PeriodeDaken* kleiner dan 16 m²Daken* vanaf 16 m²
1-01/-015 t.e.m. 31-12-20171 strafpunt3 strafpunten
1-01-2018 t.e.m. 31-12-20193 strafpunten9 strafpunten
Vanaf 1-01-20209 strafpunten15 strafpunten
Vanaf 1-01-2021gebrek cat Igebrek cat II

*met R-waarde lager dan 0,75 m²K/W

Wijzigingen vanaf 1 januari 2020

Vanaf 1 januari 2020 kan men ook aan de dakisolatienorm voldoen als de energiescore van de woning, vastgesteld in een EPC, lager ligt dan de grenswaarde die de Vlaamse regering heeft vastgesteld.

Deze grenswaarden zijn:

  • 600 kWh/m² voor een open bebouwing
  • 550 kWh/m² voor een halfopen bebouwing
  • 450 kWh/m² voor een gesloten bebouwing
  • 400 kWh/m² voor een appartement.

Wijzigingen vanaf 1 januari 2021

De drie modellen van technische verslagen werden aangepast aan de drie nieuwe categorieën van gebreken in de Vlaamse Wooncode. Vanaf 1 januari 2021 zijn de nieuwe technische verslagen van kracht. Die overstap resulteert in een aantal bijkomende wijzigingen:

  • Het ontbreken van (voldoende) dakisolatie wordt beoordeeld op het niveau van de woning en niet meer op het niveau van het gebouw. Het ontbreken van dakisolatie resulteert niet meer automatisch in een gebrek voor alle appartementen/studio’s in het gebouw. Als de energiescore van de woning voldoet, is er geen quotering voor de woning in kwestie.
  • De eigenaar zal zelf moeten aantonen dat hij voldoet aan de dakisolatienorm. Hij kan dit doen door een EPC (energieprestatiecertificaat) voor te leggen met een voldoende energiescore of door aan te tonen dat er dakisolatie aanwezig is. Die wijziging vloeit voort uit het feit dat de woningcontroleur geen destructief onderzoek mag uitvoeren en zich alleen kan beroepen op visuele vaststellingen.

Controle

De woningcontroleur gaat na of er voor de woning een EPC beschikbaar is (door een rechtstreekse controle op de EPC-databank van de Vlaamse overheid of navraag bij het Vlaams Energie- en Klimaatagentschap (VEKA) en kijkt naar de algemene energiescore en de informatie over dakisolatie in het EPC. Hij vinkt geen gebrek bij dakisolatie aan als:

  • de algemene energiescore in het EPC lager is dan de door de Vlaamse regering vastgestelde grenswaarde (bijvoorbeeld een appartement met een energiescore van 400 kWh/m²)
  • het EPC een feitelijk vastgestelde R-waarde vermeldt van minimum 0,75 m² K/W en de R-waarde geen default-waarde is.

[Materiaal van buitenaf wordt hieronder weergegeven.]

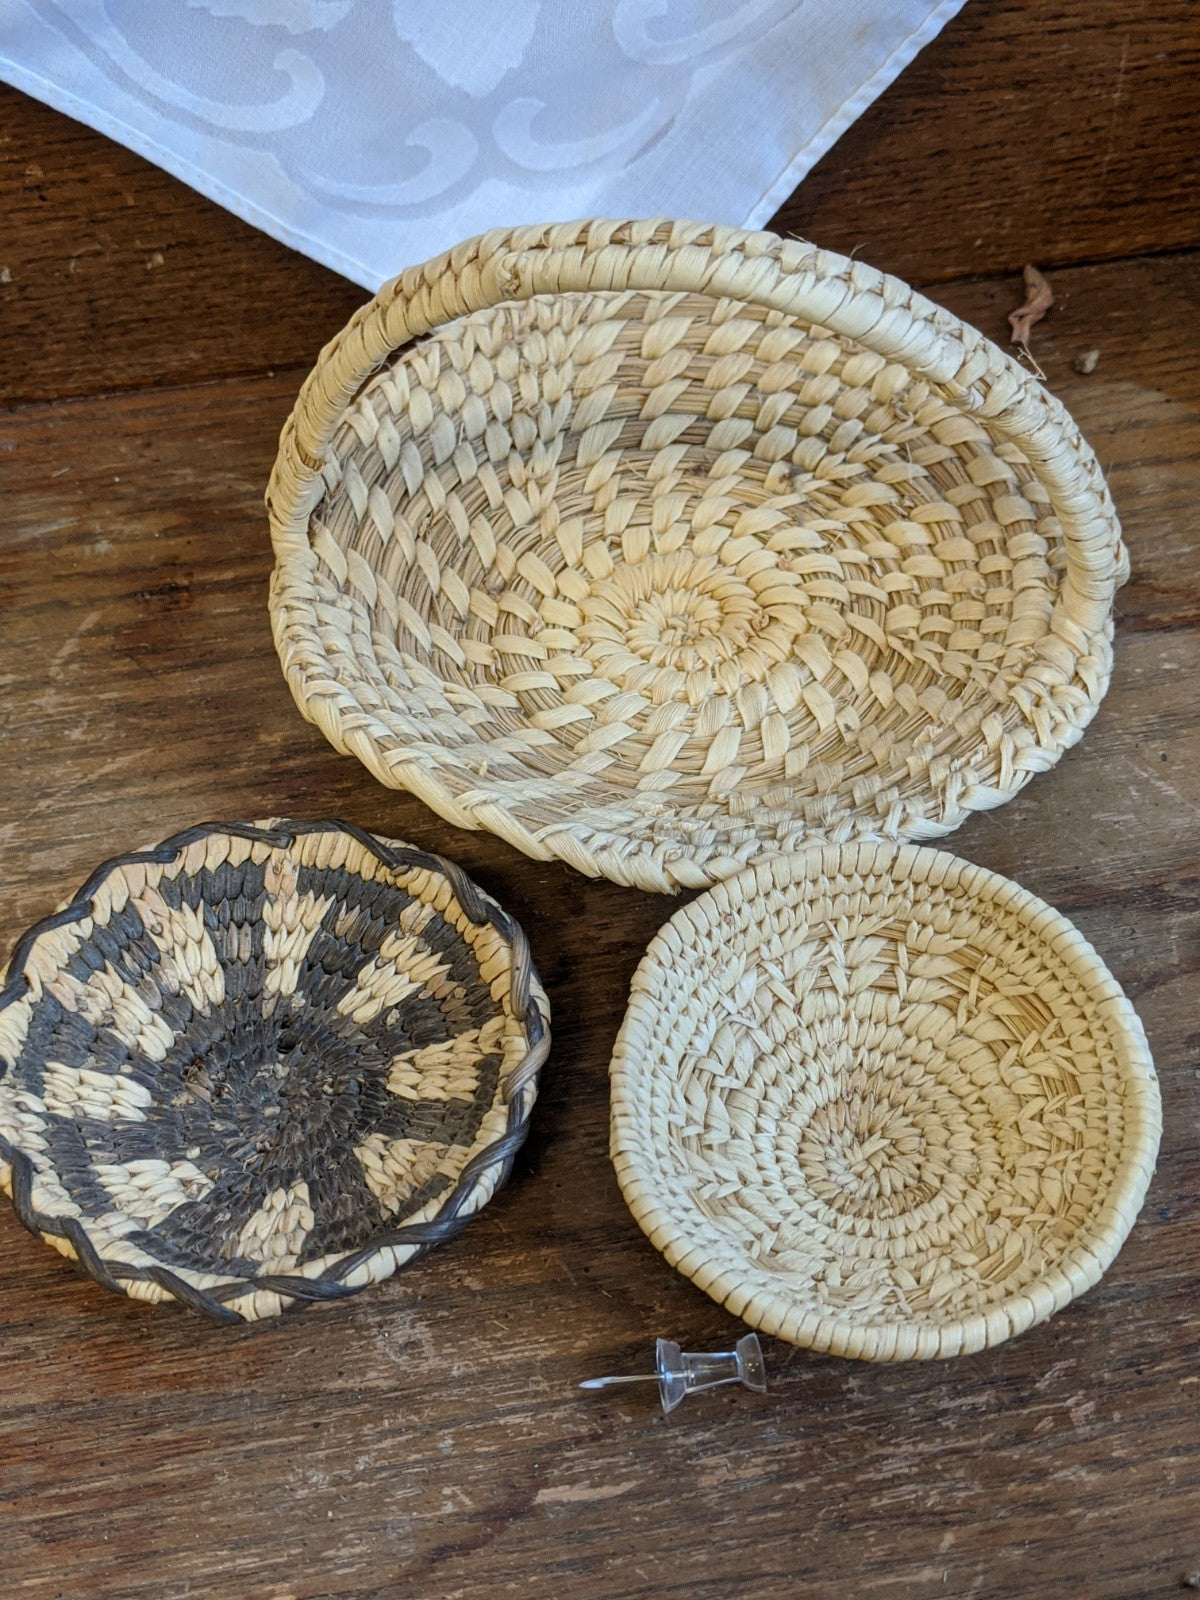 Native American grass-weave mini-baskets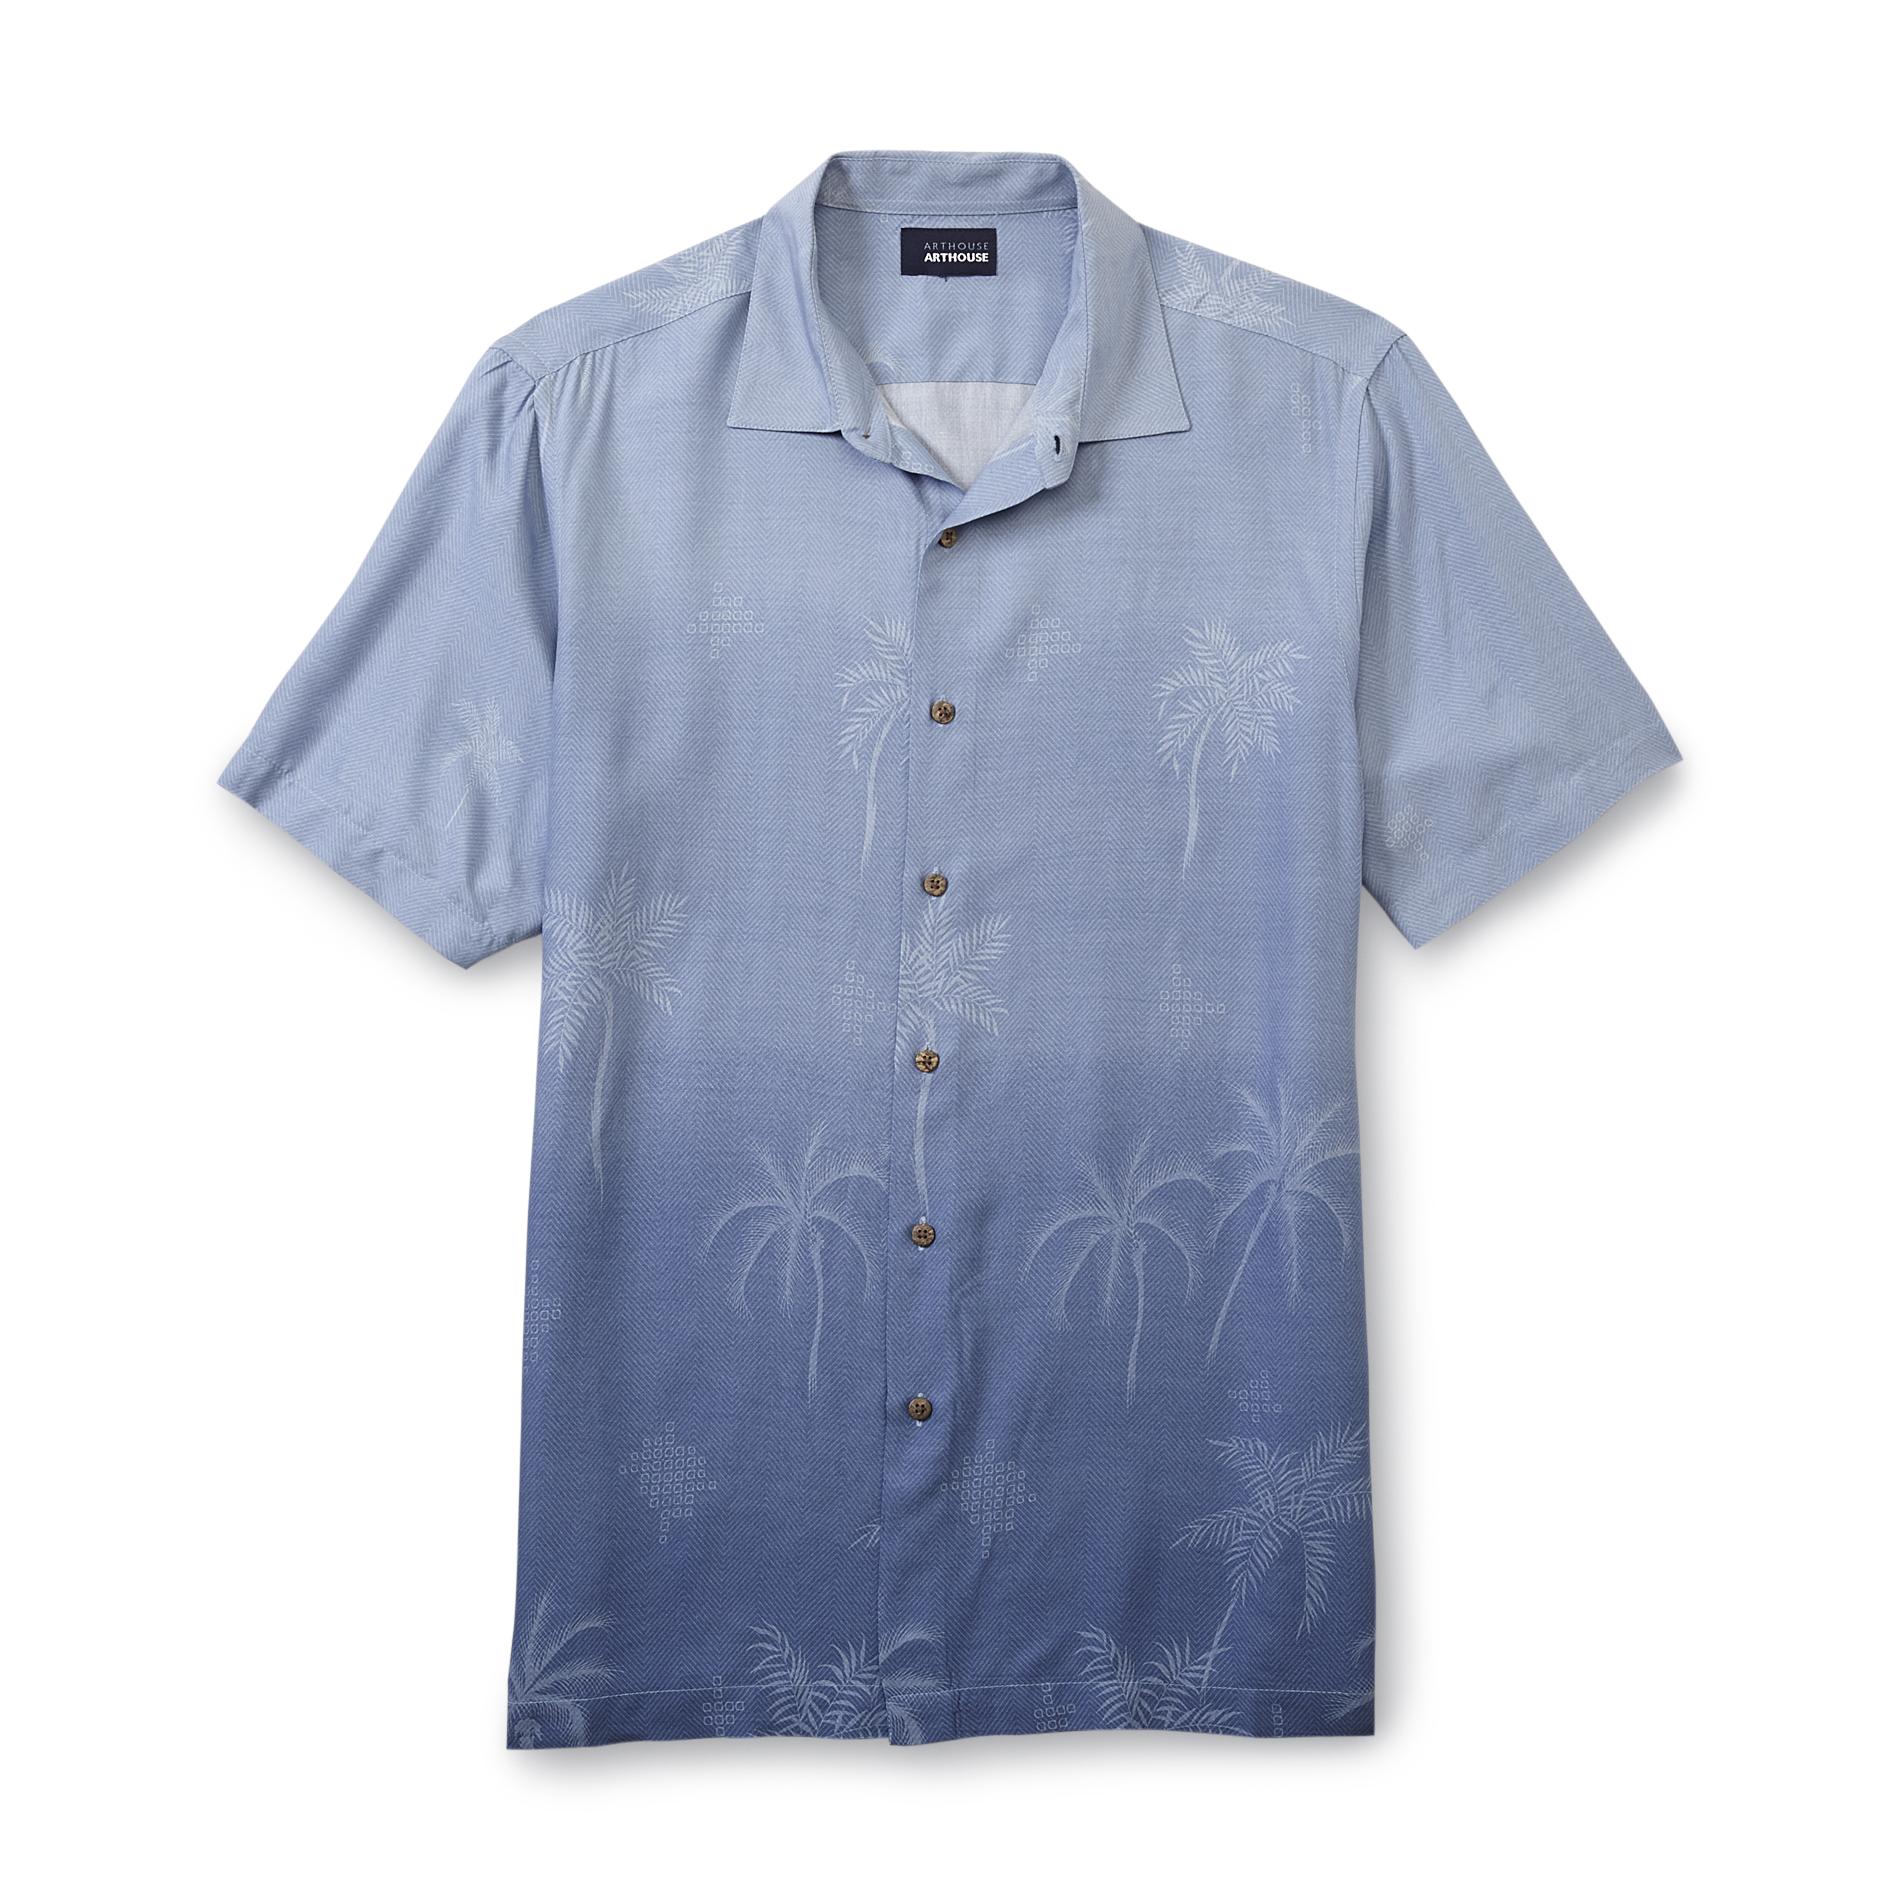 Basic Editions Men's Sport Shirt - Palm Tree

Bij gebrek aan een EPC, een te hoge energiescore van de woning, ontbrekende info over dakisolatie of te lage R-waarde op het EPC, gaat de woningcontroleur over tot visuele vaststelling. Hij vinkt het gebrek bij dakisolatie aan als hij vaststelt dat dakisolatie ontbreekt.

Als het niet mogelijk is om ter plaatse visueel vast te stellen dat er dakisolatie is, moet de eigenaar de aanwezigheid van dakisolatie aantonen of alsnog een EPC laten opmaken en dat voorleggen.